Prediction of Compressive Strength of In

Prediction of Compressive Strength of In-Situ Concrete
Based on Mixture Proportions
Jee Namyong*1, Yoon Sangchun2 and Cho Hongbum3
1
2
Assistant Professor, Department of Architectural Engineering, Hanyang University, Korea
Assistant Professor, Department of Architectural Engineering, Kyeongju University, Korea
3
Ph. D. Candidate, Department of Architectural Engineering, Hanyang University, Korea
Abstract
This paper presents the regression equation for predicting compressive strength of in-situ concrete. For this
purpose, this study used the data of mixture proportions of ready-mixed concrete and test results of compressive
strength at construction sites.
This study used 1442 compressive strength test results obtained from the specimens having 59 different
kinds of mixtures with specified compressive strength of 18~27MPa, water-cement ratio of 0.39~0.62, maximum
aggregate size of 25mm, and slump of 12~15cm.
Principal factors that influence compressive strength of concrete are selected by a correlation analysis, and
then the multiple linear regression analysis is carried out for predicting compressive strength according to
water-cement ratio or cement-water ratio, cement contents and cement-aggregate ratio.

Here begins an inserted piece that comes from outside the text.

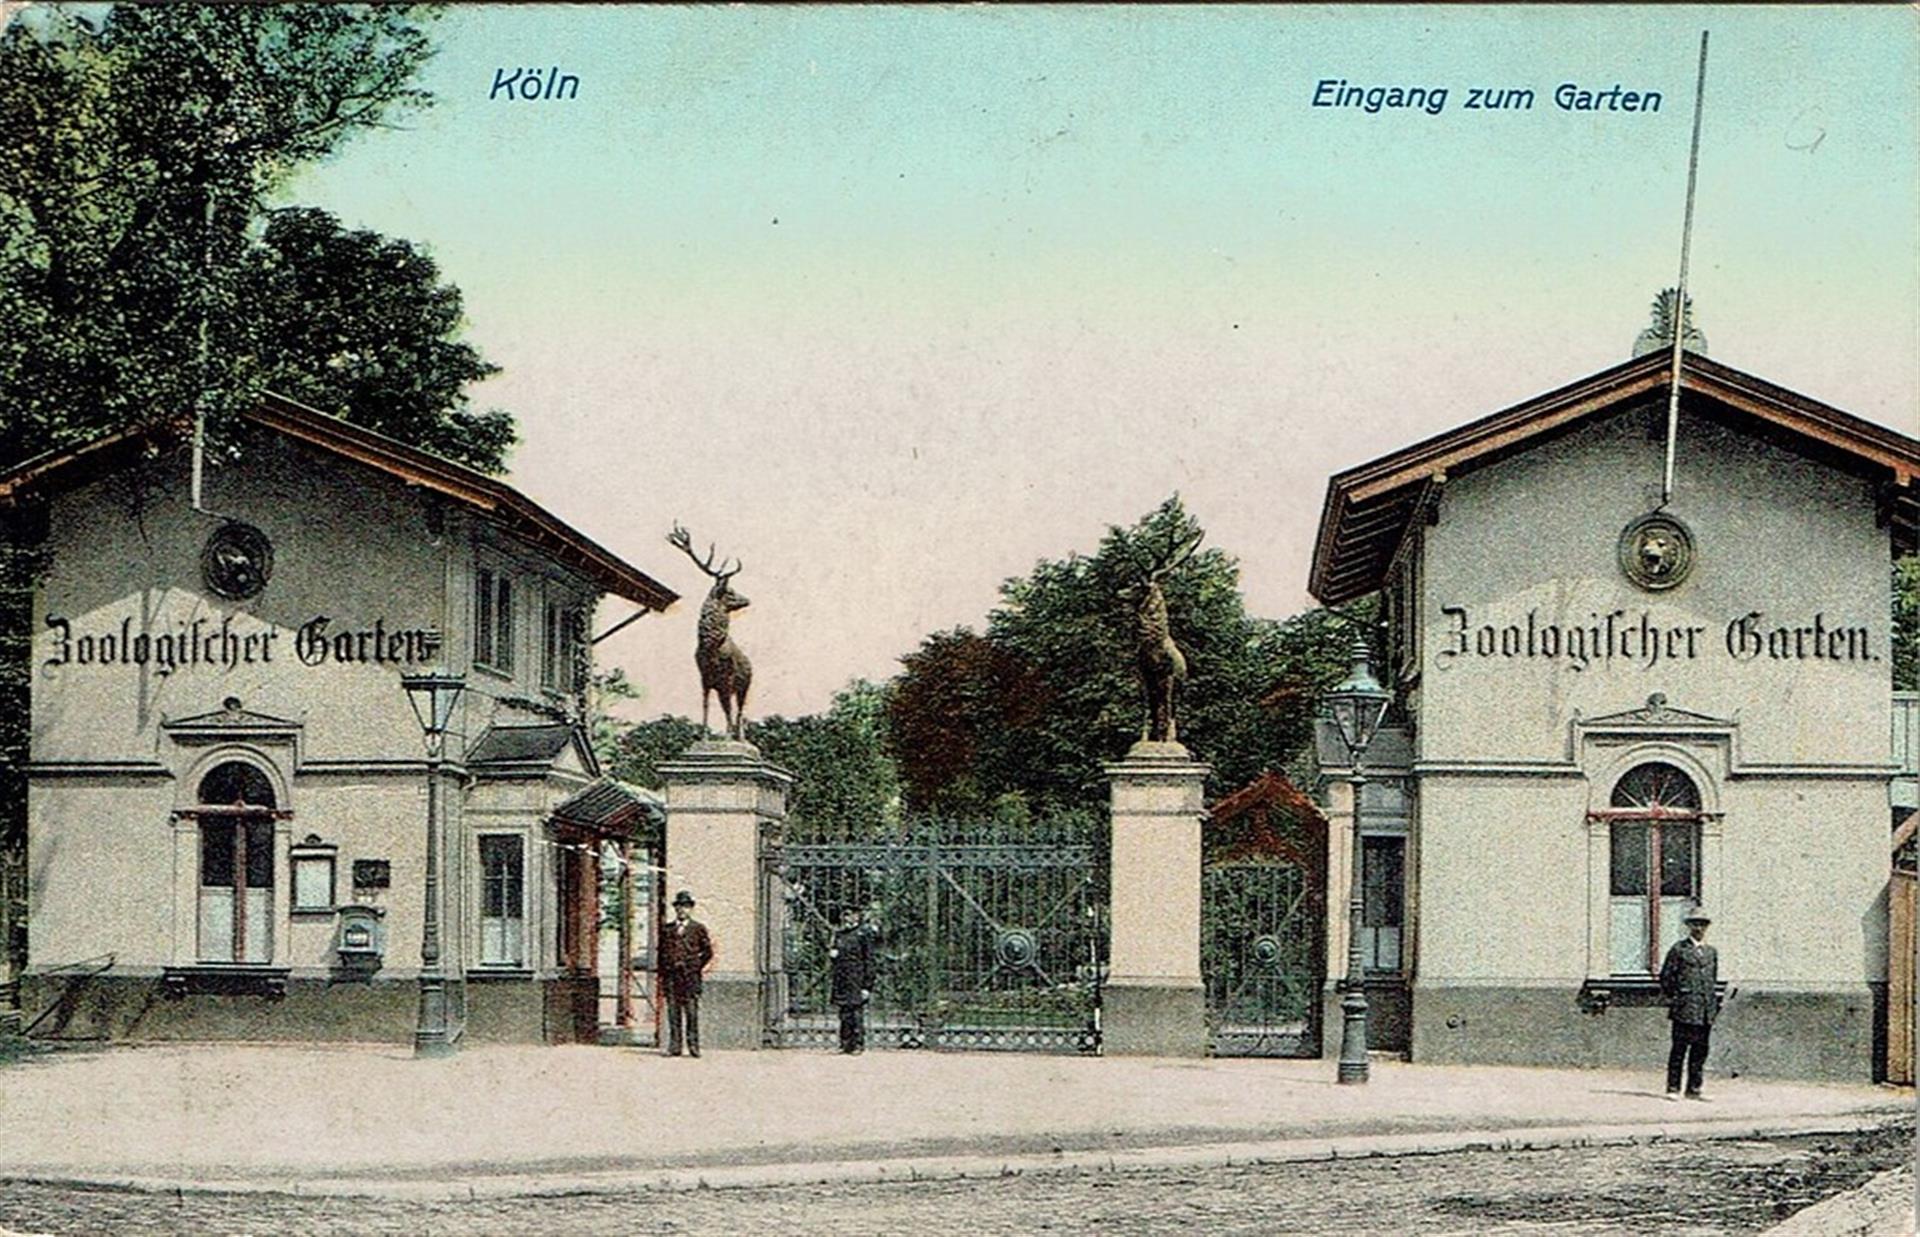 Historische Postkarte (um 1912): "Köln, Eingang zum Garten" mit einem Blick auf den Eingang zum Zoologischen Garten mit zwei seinerzeit dort stehenden Hirschfiguren. &copy; Joachim Brokmeier (Sammlung Brokmeier)

Keywords: mix proportions; correlation analysis; multiple linear regression analysis; prediction of compressive strength
1. Introduction
1.1 Background and Significance
Ready-mixed concrete (RMC) was first produced
through RMC plant constructed by J. H. Magen in
Germany in 1903, but was not settled at that time because
of segregation on carrying. Together with development
of agitator equipments in 1926, RMC had grown steadily.
In case of RMC industry in Korea, since 1965,
production capacity and consumption of RMC have
reached 355million cubic meter and 137million cubic
meter in 2002, respectively. However, several quality
problems of RMC remained.
Only a few tests have been done to ensure concrete
quality before placing; the slump test for workability,
tests of air contents and chloride contents for durability.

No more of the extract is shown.